Deze deelt mede, dat er eens in de zoveel tijd, vermoedelijk pas eind juni,
ontruimd wordt.
De enige die hierin volgens de districtschef verandering zou kunnen brengen,
is zijn "baas", de Burgemeester van Amsterdam, de heer Cohen. Hij zei toe
dit geval te bespreken met de Burgemeester en hierop terug te komen. De
desbetreffende chef is echter wanneer hij gebeld wordt over deze zaak, of
niet op kantoor, of in bespreking.
Inmiddels is de verdieping omgebouwd tot een fort, zijn de ramen met balken
etc. gebarricadeerd en zijn de muren en de gevel beklad. In korte tijd is de
verdieping derhalve door de krakers en als gevolg van niet ingrijpen van de
politie vernield, met als gevolg daarvan al een geschatte schade van €
100.000,-.
De Stichting schrijft bij monde van haar advocaat de Officier van Justitie
op 18 april jl. opnieuw aan, meldt het bovenstaande en verzoekt andermaal om
tot ontruiming over te gaan. Deze meldt dat als gevolg van het uitblijven
van de ontruiming zij al veel onnodige schade heeft geleden. Deze schrijft
de Officier van Justitie ook dat zij (anders) genoodzaakt is (om) de
overheid voor deze schade aansprakelijk te stellen. Een reactie blijft uit.
Op 19 april schrijft de Stichting bij monde van haar advocaat de Officier
van Justitie opnieuw aan, omdat op de straat voor het bedrijf van één van de
bestuurders van de Stichting met een spuitbus geschreven is *"Jij bezoekt
ons, wij bezoeken jou*".
De advocaat van de Stichting schrijft dat dit een onacceptabele vorm van
bedreiging is van personen die menen dat zij ongestraft op alle fronten de
wet mogen overtreden. In deze veronderstelling worden zij door het
uitblijven van een (re)actie van de sterke arm ook nog eens gesterkt. De
krakers verblijven volgens de Officier van Justitie en volgens de Rechter
illegaal op de Weteringschans, hebben daar grote vernielingen aangericht,
doen dat nog steeds en plegen diefstal door gebruik te maken van het gas en
de electra van de Stichting. Hij schrijft dat hij dit handelen aan zichzelf
niet eens meer kan verkopen, laat staan aan de bestuurders van de Stichting.

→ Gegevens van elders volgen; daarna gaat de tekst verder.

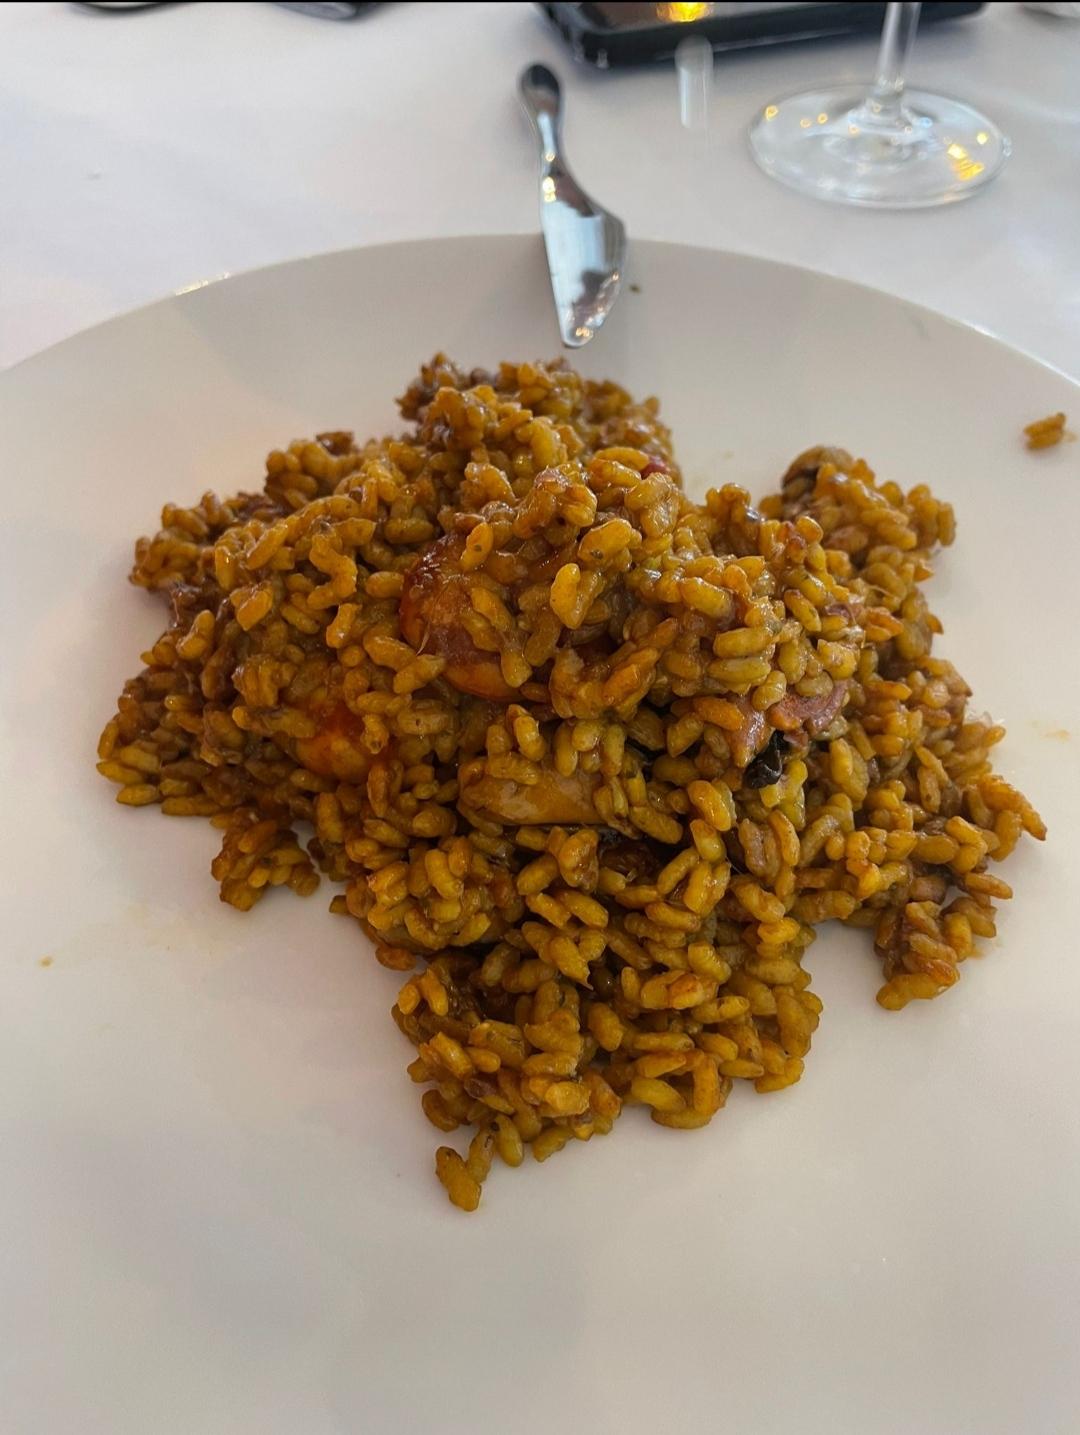 Reseñas gastronómicas: Restaurante Bon Vent 5

De adhesiebetuigingen die de Stichting in dit verband ontvangt, spreken,
aldus de advocaat, ook boekdelen. Deze mensen kunnen weinig of geen begrip
voor het tot nu toe uitblijven van de (re)actie van de sterke arm opbrengen.
In dezelfde brief wordt de Officier van Justitie verzocht, welke maatregelen
er genomen worden ter bescherming van de bij de Stichting betrokken personen
en ter bescherming van hun bezittingen. De privé en zakelijke adressen van
de bestuurders van de Stichting staan namelijk op "kraken-post", een
nieuwsbrief van de krakers. Op deze brief wordt niet gereageerd. De
Stichting neemt bij monde van haar advocaat daarom maar weer zelf het
initiatief en na enige tijd slaagt deze er in de Officier van Justitie te
bereiken. De politie deelt desgevraagd mede dat zij de Stichting begrijpt,
maar dat zij in deze machteloos is en geheel afhankelijk is van de politie.
De politie zegt weer afhankelijk te zijn van de Burgemeester. Actie is
echter tot op heden uitgebleven.
Bij de Stichting heeft dit de vraag doen rijzen of Cohen als onze
Burgemeester wel de burgervader en rechtshandhaver is, die hij voor ons
allen zou moeten zijn. Hij is dit tot op heden duidelijk niet, want tot op
heden is tegen de krakers van wie de Officier van Justitie heeft erkend dat
deze illegaal op de Weteringschans 79 verblijven, niet opgetreden. Ook is
tot op heden als gevolg van het uitblijven van zijn toestemming geen
uitvoering gegeven aan het rechtelijke ontruimingsvonnis.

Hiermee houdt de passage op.